The solution is obvious: Pass the hat to everyone. Like the rest of the 1996 Telecom Act, these rules were written before the newer platforms were even imagined. So rewrite the rules for today’s world and ask everyone to contribute. The burden is shared by all, spread across a far broader group of companies, and the future of universal service is more secure.

Ultimately, America has a choice: put its faith in consumers and in the free markets that govern the rest of our economy or in continued government-managed competition.

From Congress, to FCC Chairman Michael Powell, to the U.S. Supreme Court, to the White House, we see this country today standing by the free-market principles that made this the strongest and most innovative economy in the world.

There is a promising future for telecom. Industry leaders are finally able to catch a glimpse of that precious, rare commodity that has been so elusive these past eight years - regulatory certainty. Even better, we are seeing the rising prospect of deregulatory certainty - the ability of our information economy to reap the full benefits of true free-market competition across the new communications marketplace.

This is an exciting time for local phone companies. We alone, virtually throughout the U.S. economy today, have been denied the right to fully participate in the free marketplace.

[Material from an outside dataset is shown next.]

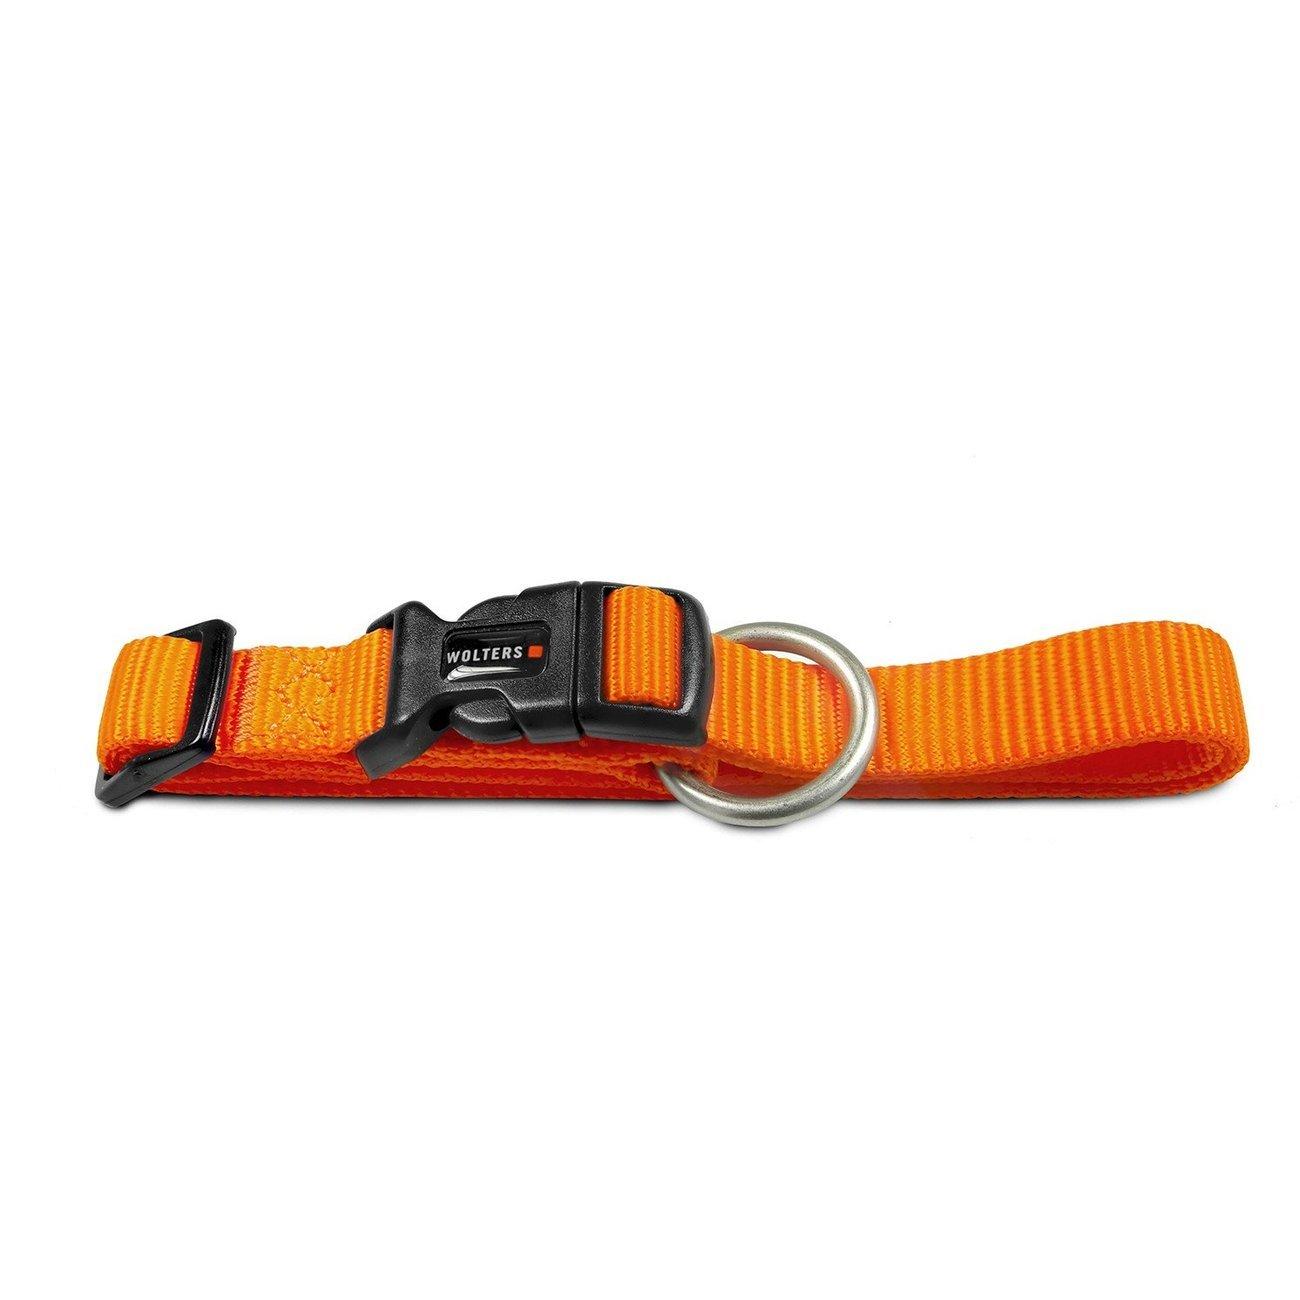 Wolters Halsband Nylon Professional, Bild 9

We’ve survived the worst of it. We’re excited about the chance to compete head-tohead with the other platforms. And, we’re going to fight hard to see these reforms through. We’re going to fight for our right to equal treatment from our government. We’re going to fight for the free-market principles that are essential to economic growth and investment. We’re going to fight for the future of universal service - asking all participants in today’s marketplace to contribute. We’re going to fight for the right of consumers to have their choices - not those of regulators - guide the future of one of the most promising markets in America today.

Local phone companies understand that there is no going back to the old world. We’re fighting today for our right to compete headto- head in the new one. We are excited about our business plans, about the aggressive efforts underway to deliver a voice-video-data revolution to the country. And, we are very encouraged by the progress we finally see underway in earnest to catch the nation’s telecom laws up with our lives.

Walter B. McCormick Jr. is president and CEO of the United States Telecom Association, a trade association representing 1,200 service providers and suppliers for the telecom industry. USTA’s members provide local telephone service across the country, ranging from the very largest telecom companies, like Verizon, BellSouth and SBC to companies with only a few hundred customers.